# WORK ITEM:
Once the images are removed, set down everything else in the listing below exactly.

# SUPPLIED INFORMATION:
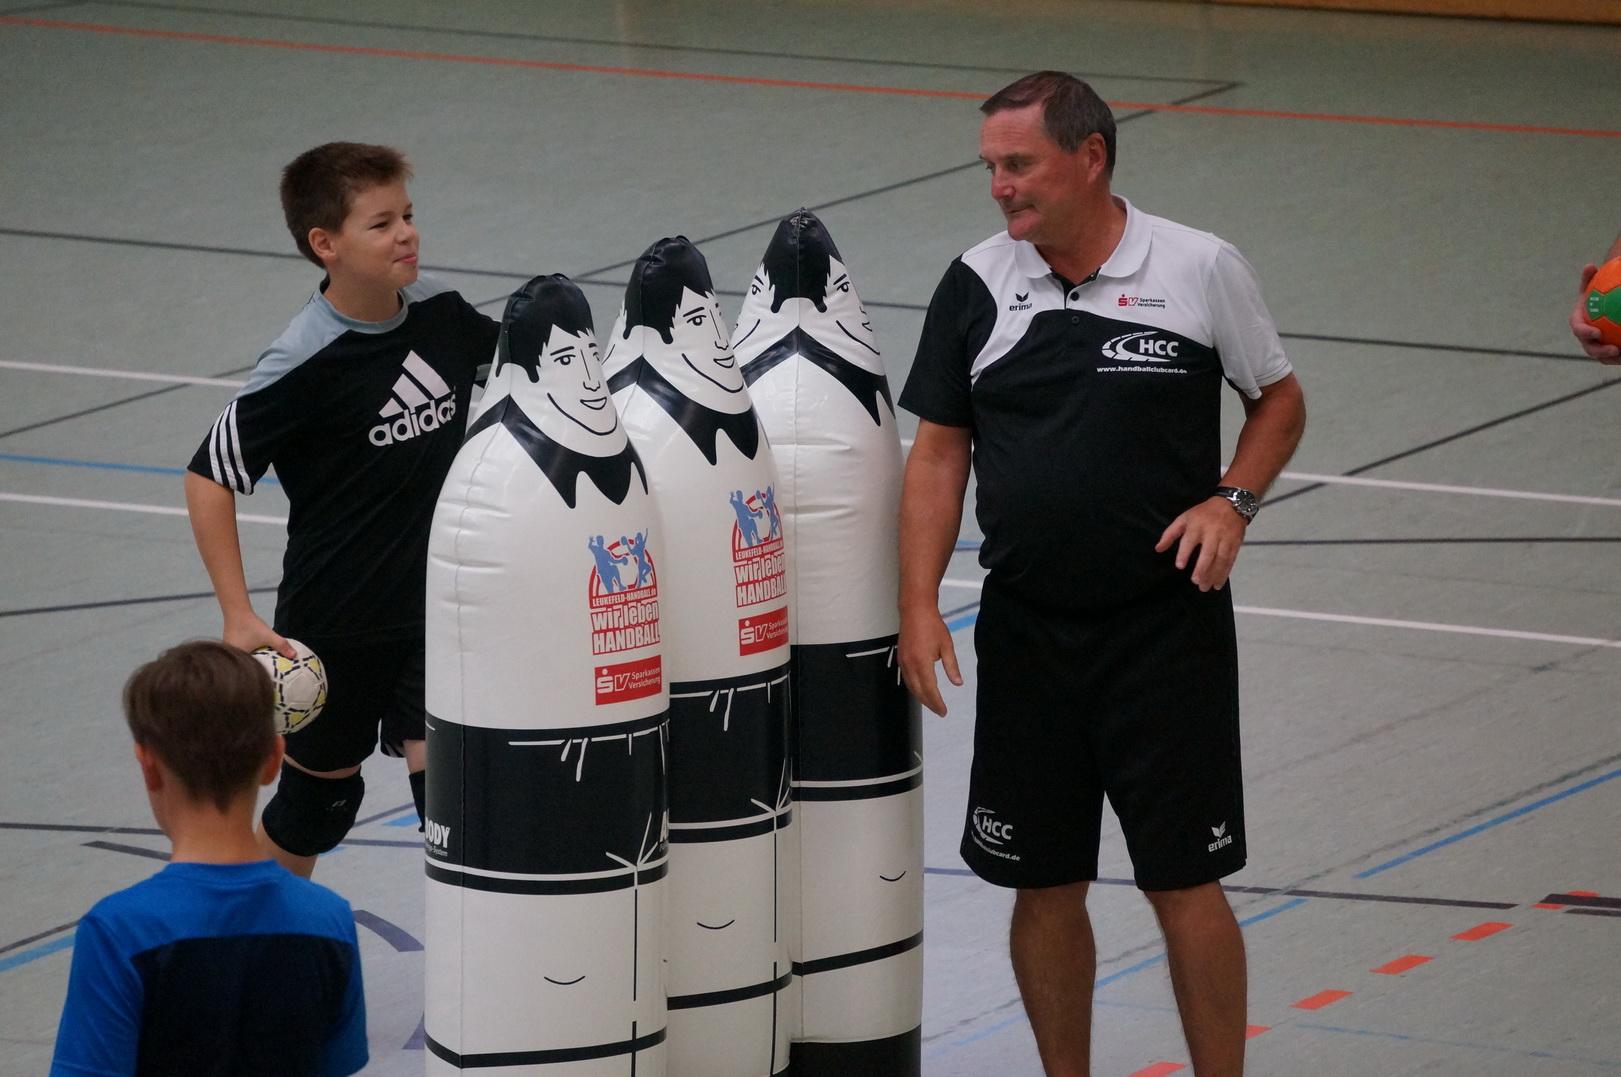 201808_Handballcamp_SDH_MG_245w
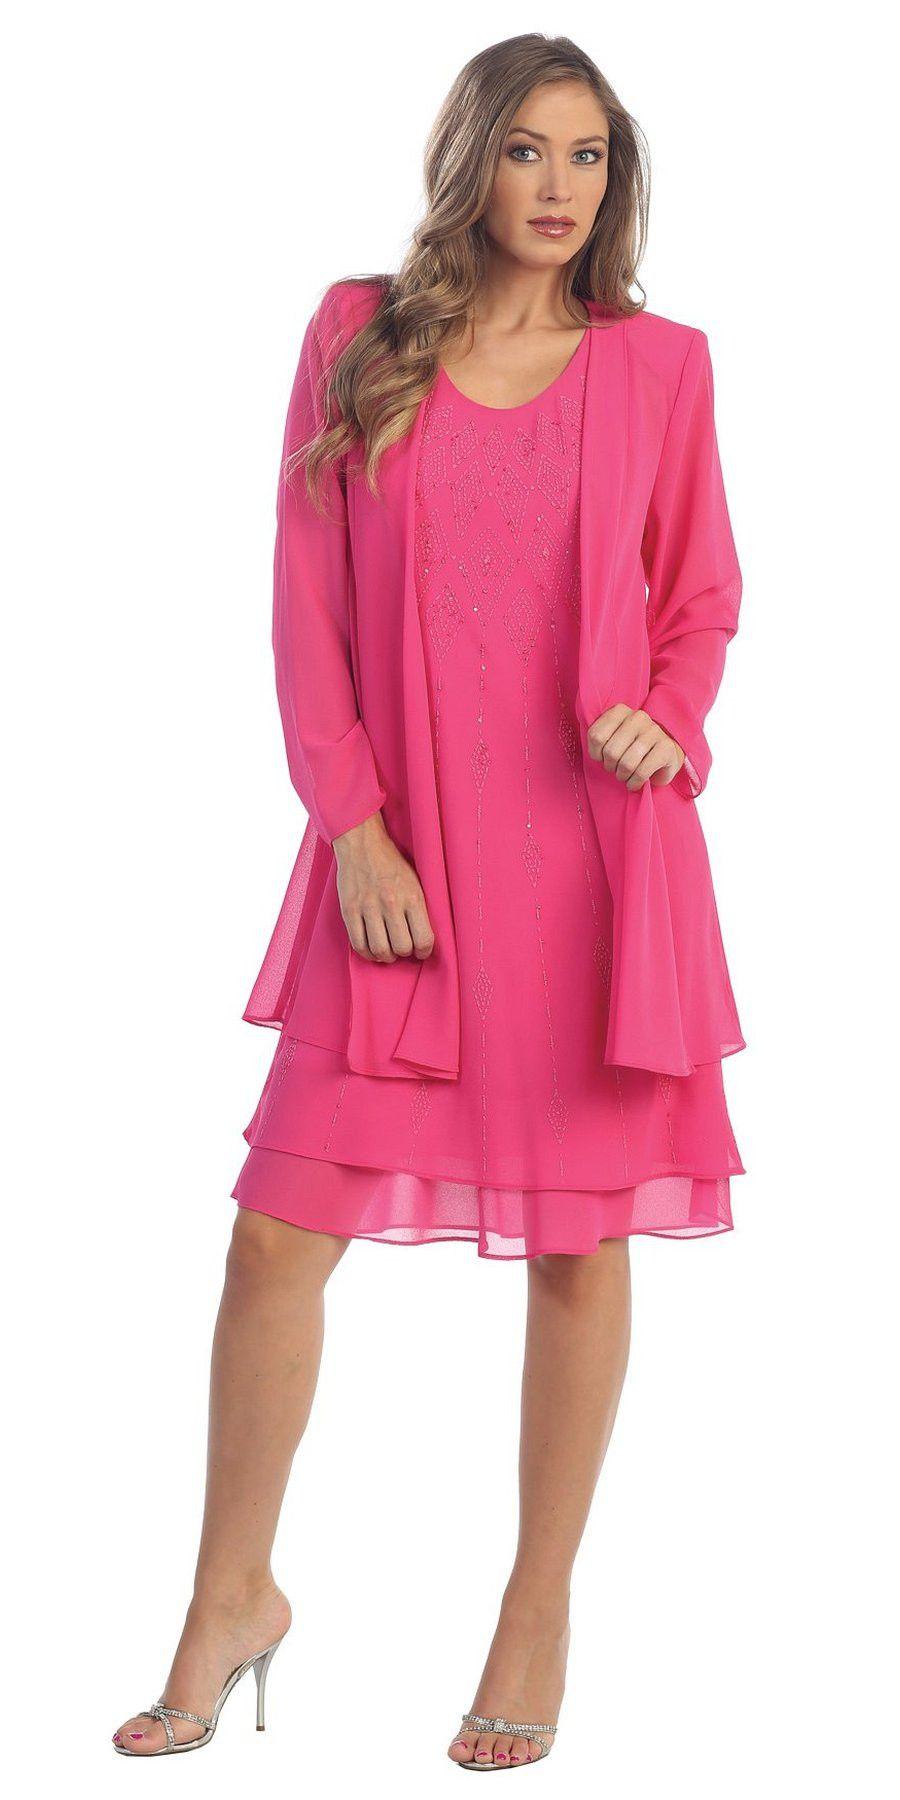 Flowy Chiffon Fuchsia Dress Knee Length Long Sleeve Cardigan ...
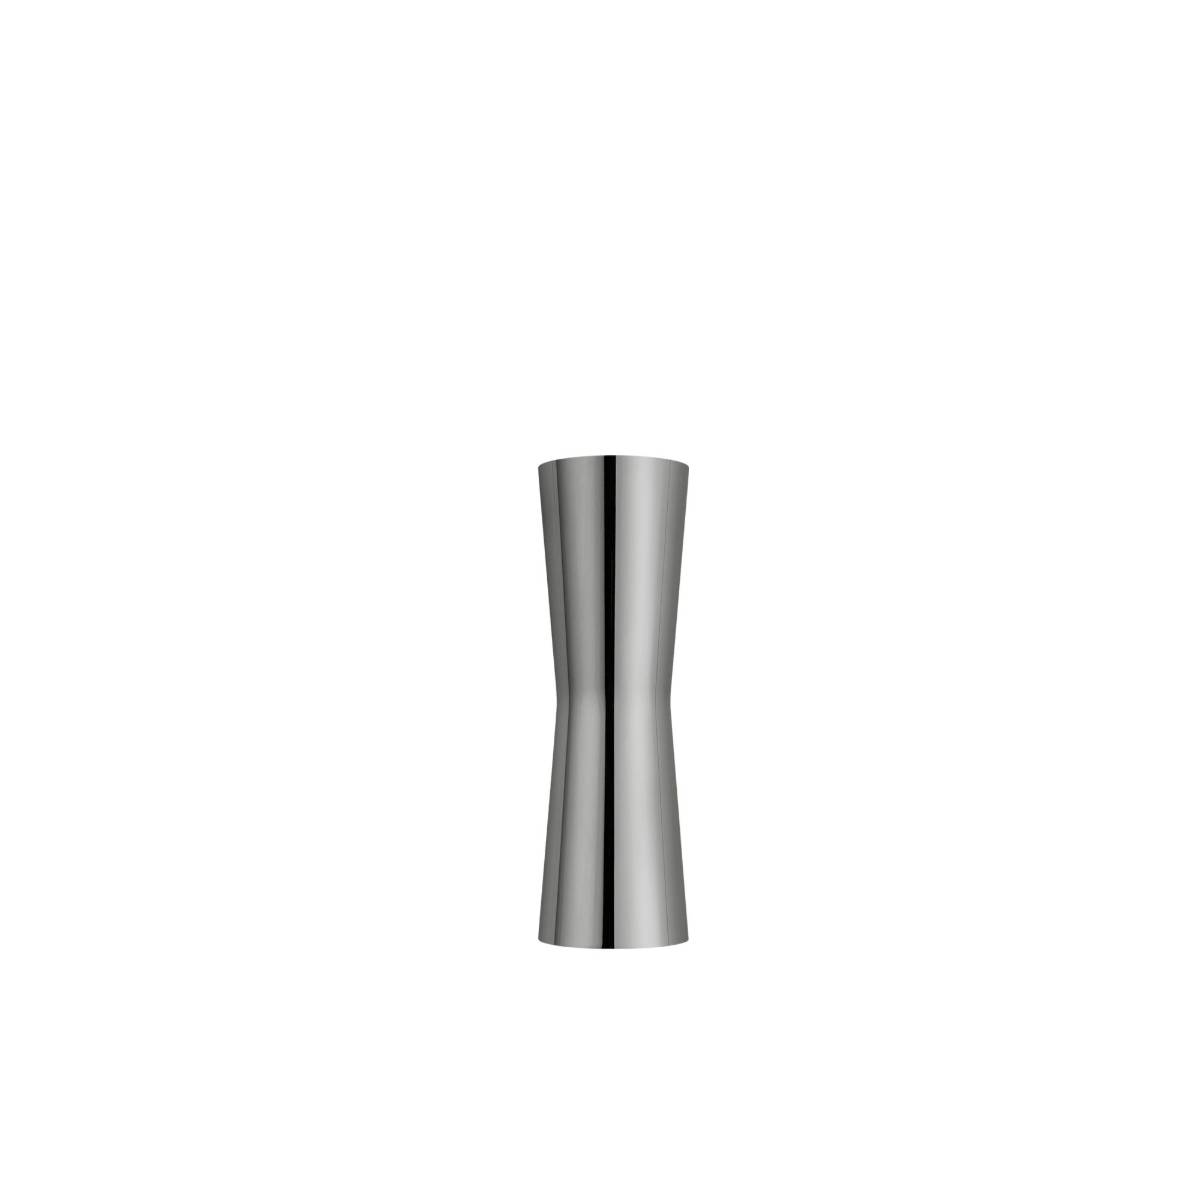 Flos Clessidra 40 Graden Wandlamp-Buitenlamp

# RESULT FOR THIS EXERCISE:
 201808_Handballcamp_SDH_MG_245w
 Flowy Chiffon Fuchsia Dress Knee Length Long Sleeve Cardigan ...
 Flos Clessidra 40 Graden Wandlamp-Buitenlamp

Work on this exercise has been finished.